穆少杰所在的地方离雁塔区不远,她一直以为是个热闹地段的一家店。

没想到所谓的堂口就只是个冷清胡同里的一座普通民宅。

李秋元在那一排门牌号中找到了短信里的23号,天气炎热,她不断用纸巾擦鼻涕,喉咙也痛的像是吞了块生铁。

还没敲门,里面就有人出来了。

是个女人,看起来一脸忧心忡忡的样子,脸色也极难看,一片蜡黄。

穆少杰紧跟着也出来了,表情疲倦,结果一眼看见了李秋元,眼睛一亮,“你想好要当我的员工了?”

李秋元跟着他进去,发现这栋宅子还挺大,里面布置了一个香堂,从下往上排着四排神像,神像后还有壁画,画前挂着块红布,上面用黑色墨汁写了很多个名讳,堂下供着鲜花果品,还有十分令人瞩目的几盘荤菜和几瓶五粮液。

白天还点着蜡烛,上着香。

她哑着嗓子咳了声说:“我来请你帮我看看,”她把包里的玉取出来,“你看看这块玉有没有什么问题?”

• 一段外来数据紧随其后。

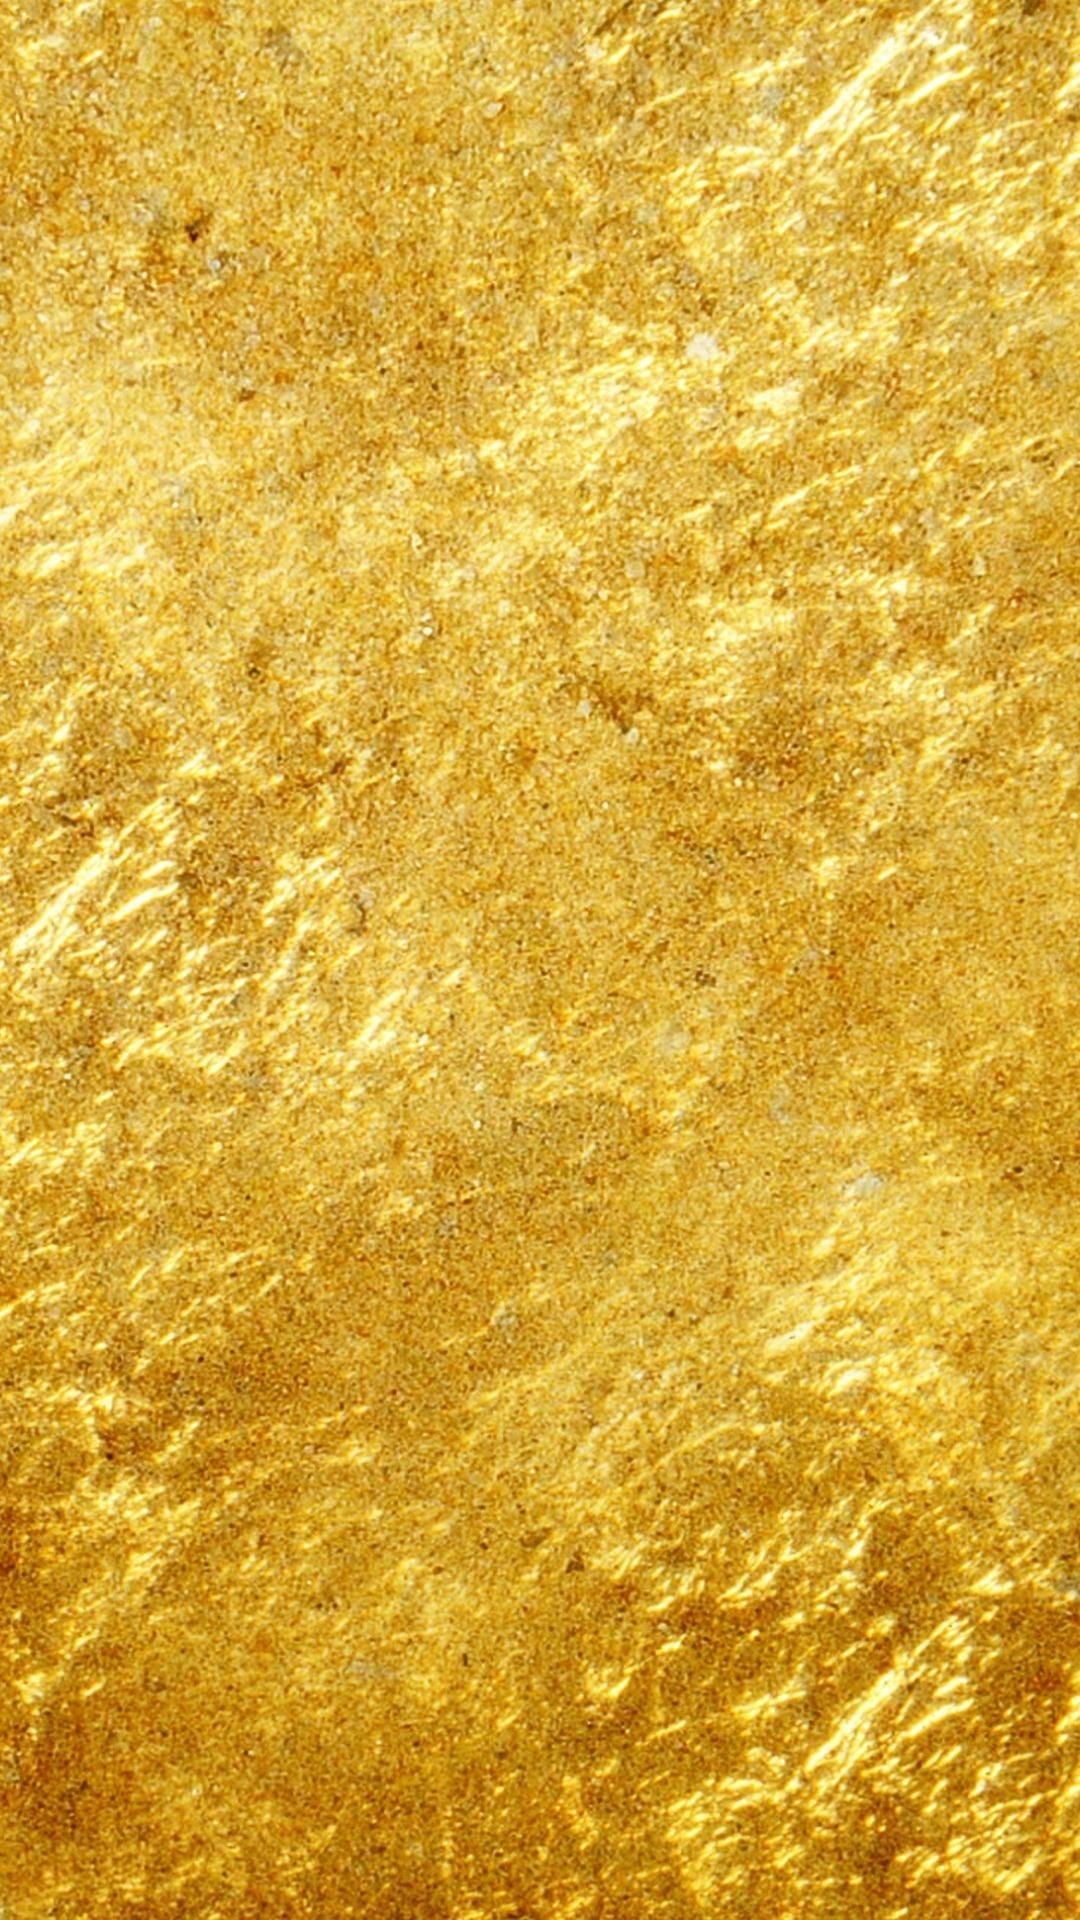 Gold iPhone 7 wallpaper

穆少杰刚刚才接待了一个客人,还让仙家捆了七窍上了身,现在身子酸痛,不好再请仙家上来,只好自己先接过去看了看,说:“挺干净的呀,你怎么会觉得一块玉有问题?”

李秋元犹豫了一下,原原本本的说了经过,这次什么都没隐瞒。

穆少杰听完有些惊讶,“你说的那个穿着黑色雨衣的年轻男人不会就是……”

李秋元点头如捣蒜,“就是把彤彤救出来的那个人,他以前也救过我,昨晚他和我说这块玉会危及到我,不知道是不是这样。”

穆少杰听得眼皮直跳,“我当时听彤彤的说法,这个人是和彤彤的妈妈做了交易才愿意救彤彤的,为什么会主动找上你?”他深吸口气,才说:“我也不瞒你了,我家老仙说你最近确实有些麻烦,还是要命的麻烦。”

李秋元的心瞬时下沉,有种说不出的滋味,“他找我,大概也是因为我奶奶和他做了交易的原因吧……”缓了缓,她才绷紧了声弦说:“他说来救我,可是转眼又消失了,我只能先找你看看。”

穆少杰知道她心里急,但也忍不住揣测这个穿着黑色雨衣的年轻男人的身份,皱眉说:“难道遇到了道行高的……阴仙?”

能自由往返阴间和人间,而且还有这种神通的,除了阴仙他暂时还想不到别的。

可阴仙又为什么会和亡人做交易?

穆少杰正想的入神,就感觉困倦至极,连打呵欠,后背也微微颤动。

他知道这是有仙家要上身了。

就是不知道哪一位要上来。

李秋元眼见着穆少杰的眼睛迷蒙了,一会儿又变得犀利起来,有些困惑的问:“这玉真的有问题?”

只见对方的神态全变了,赏玩似的看了一会儿手中的玉,叹了一声说:“这可是上好的昆仑玉,最起码也在唐朝之前了,真正的古玉啊。”说到这就抬头看了她一眼,声调懒懒的,“小姑娘,你知不知道,古玉是不能随随便便带在身上的。”